WHAT IS REQUIRED: Starting at the line that contains "muhammad amir zamri" and stopping at the line that contains "EUC Brooks Pure", transcribe every line of the material below exactly; pictures stay out.

DATA EXTRACTS:

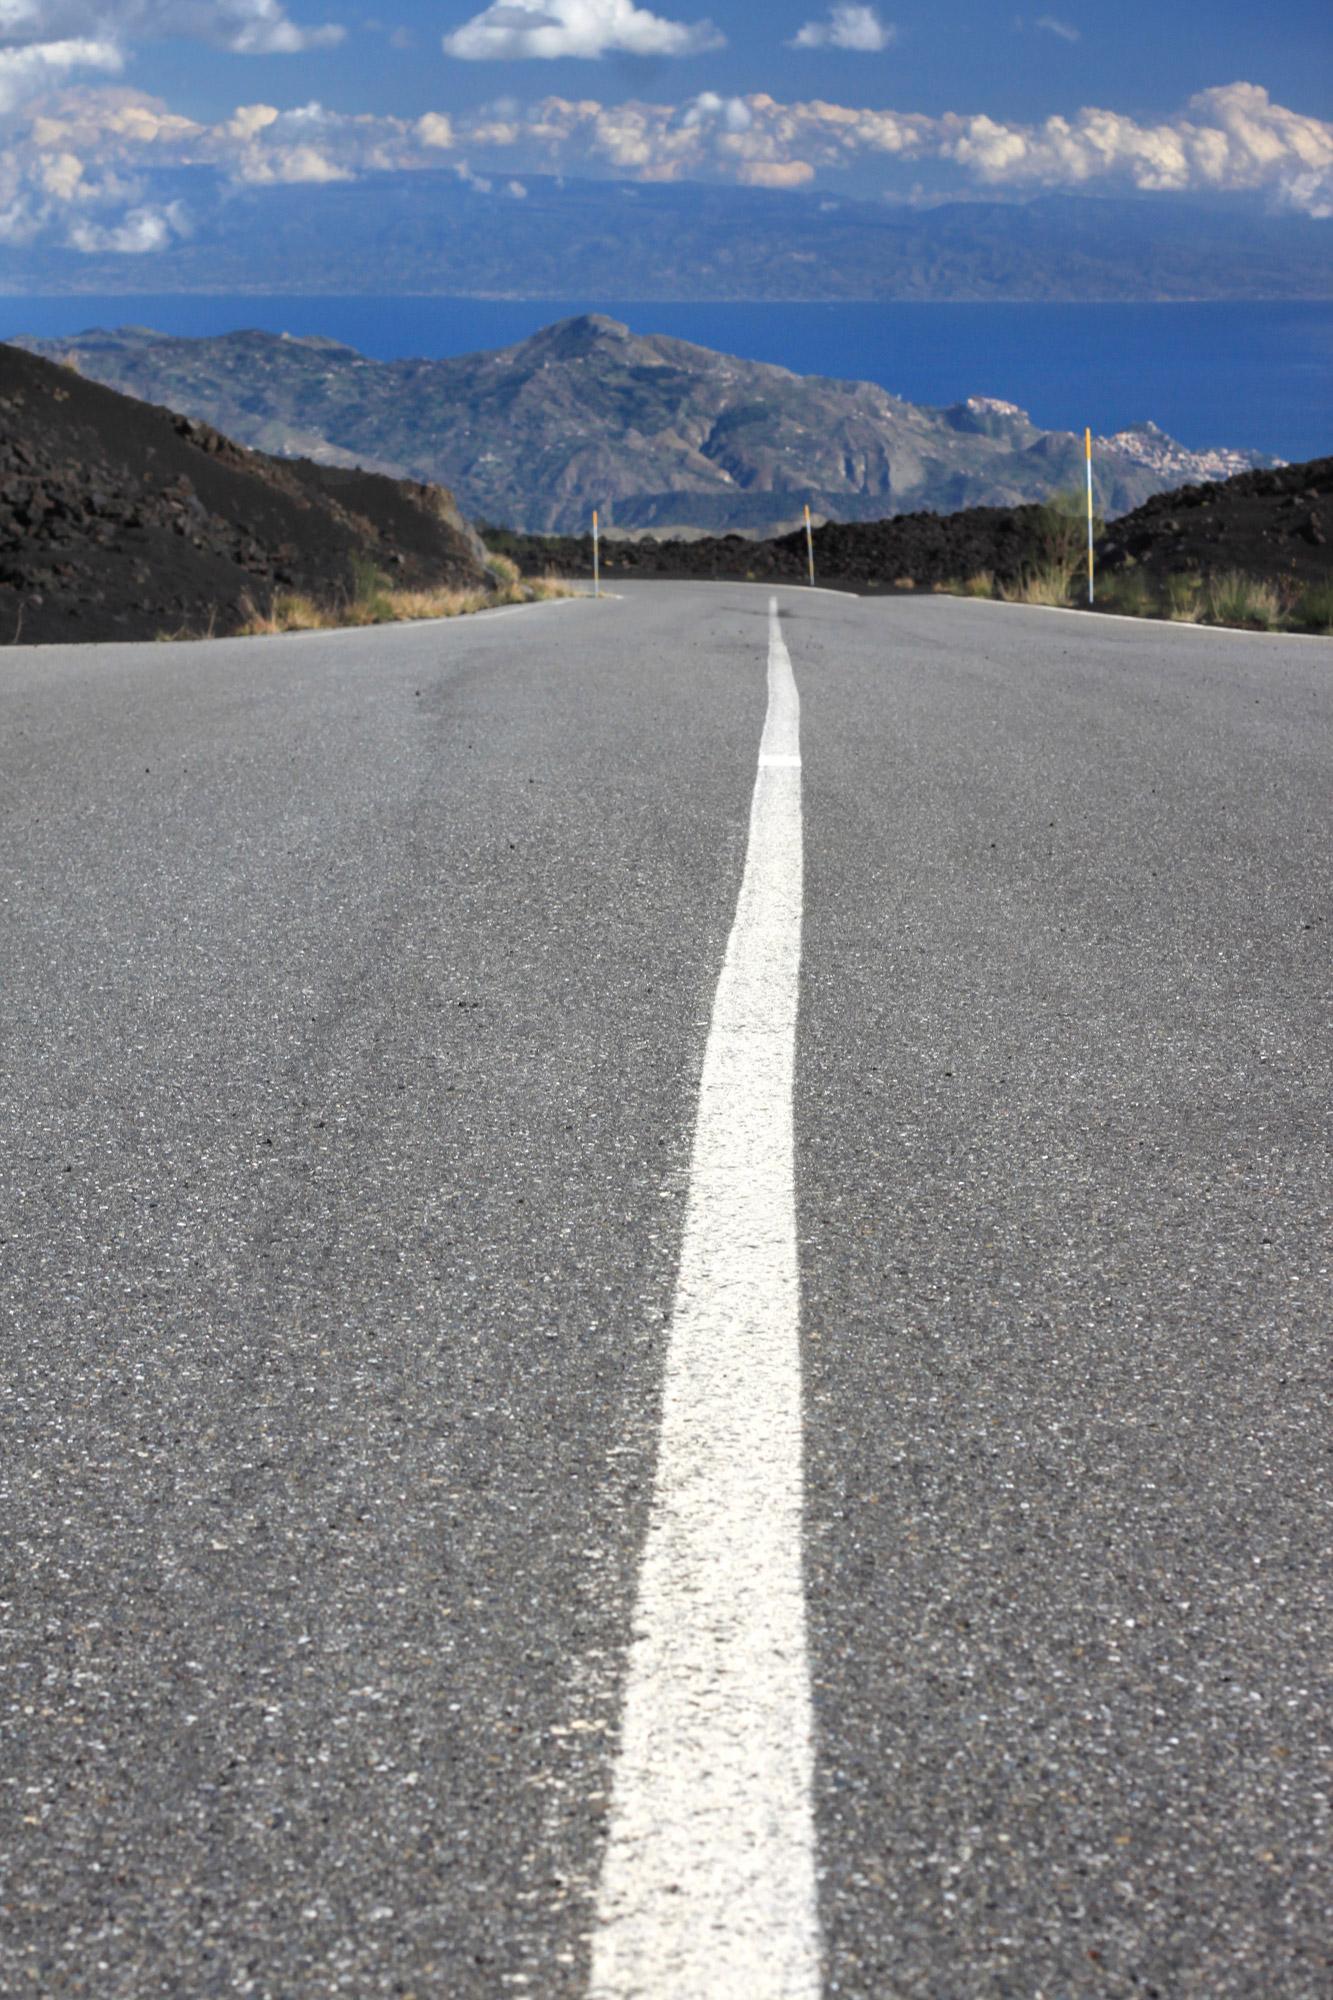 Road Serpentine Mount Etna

==

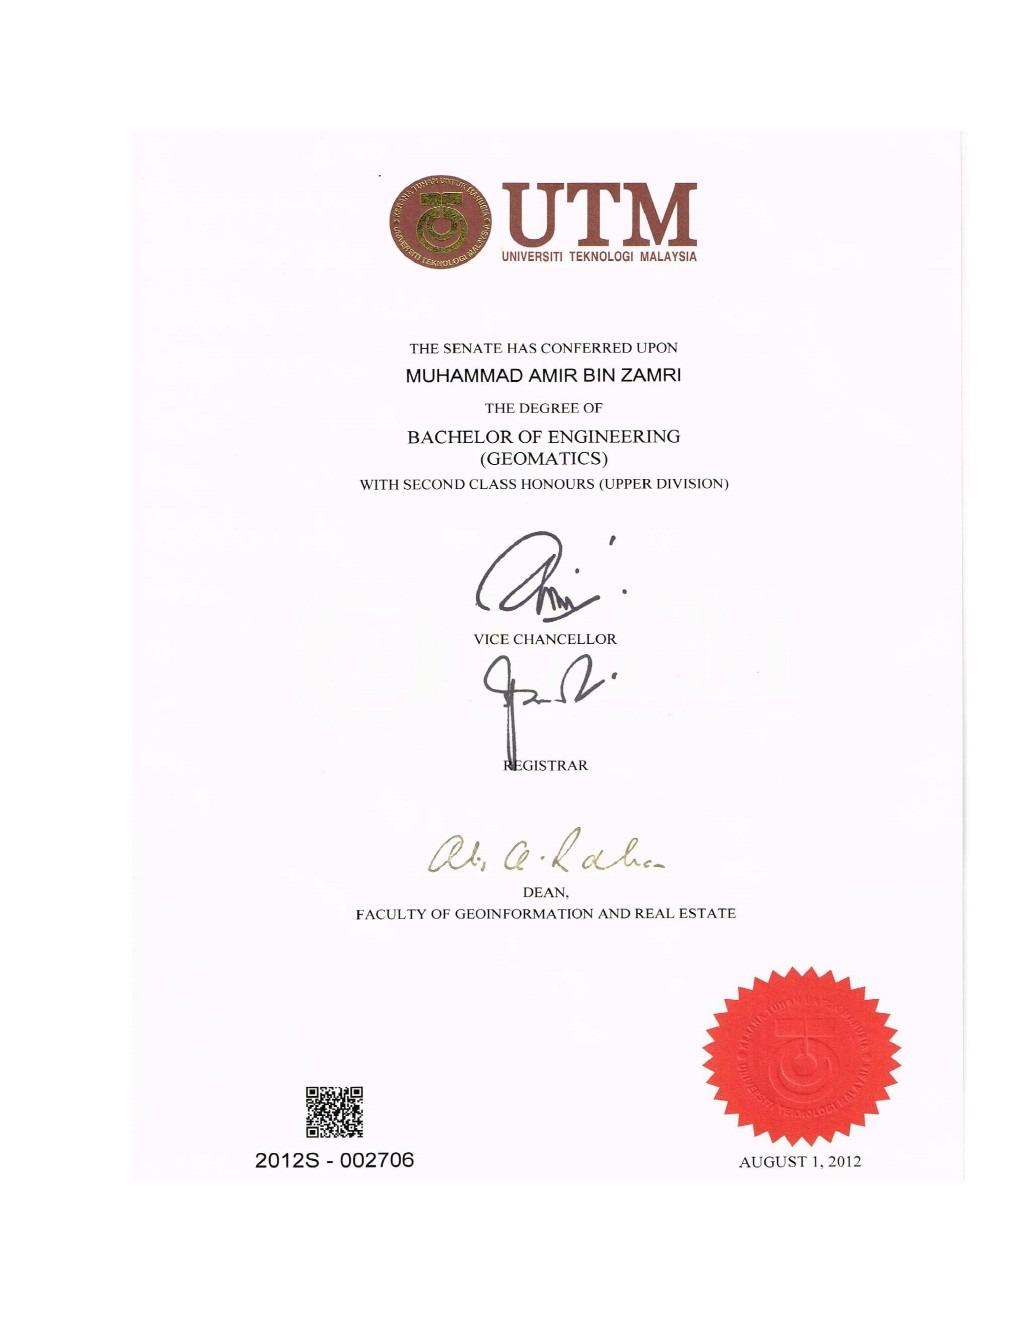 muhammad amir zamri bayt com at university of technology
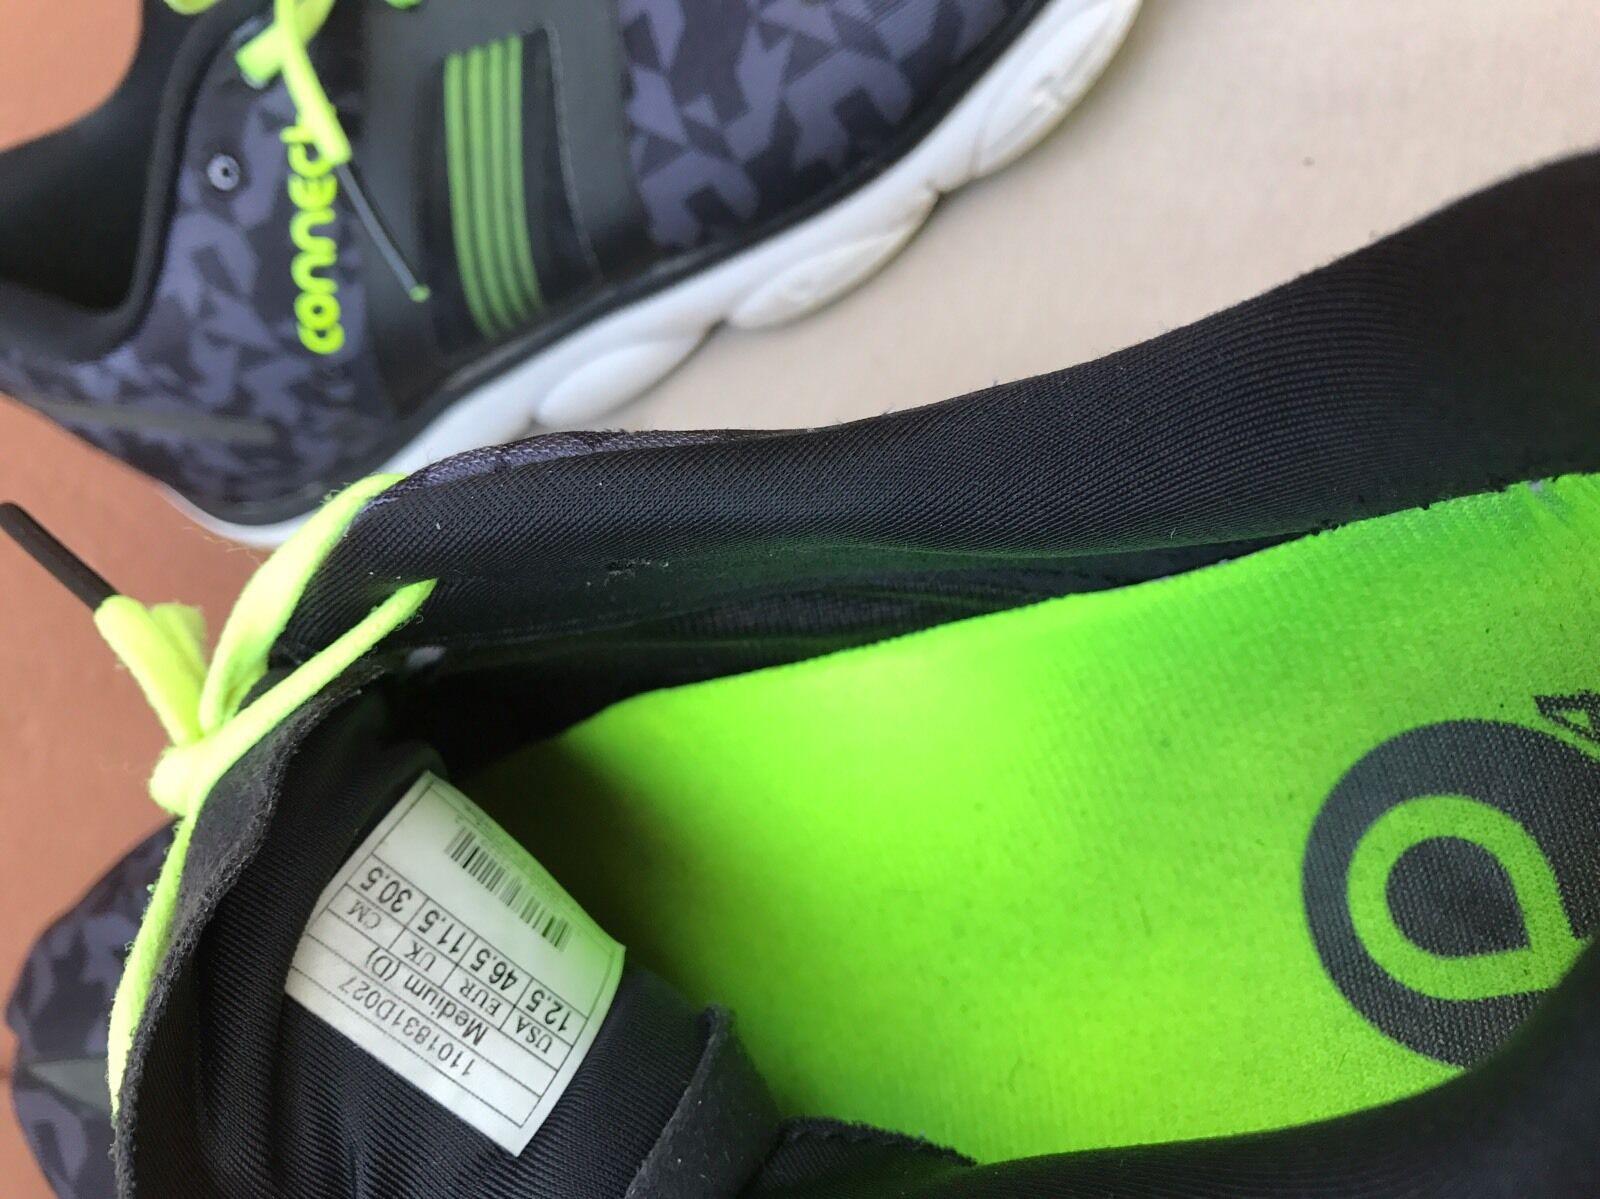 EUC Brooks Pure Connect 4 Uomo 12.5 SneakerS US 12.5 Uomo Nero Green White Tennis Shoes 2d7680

RESULT FOR THIS TASK:
 muhammad amir zamri bayt com at university of technology
 EUC Brooks Pure Connect 4 Uomo 12.5 SneakerS US 12.5 Uomo Nero Green White Tennis Shoes 2d7680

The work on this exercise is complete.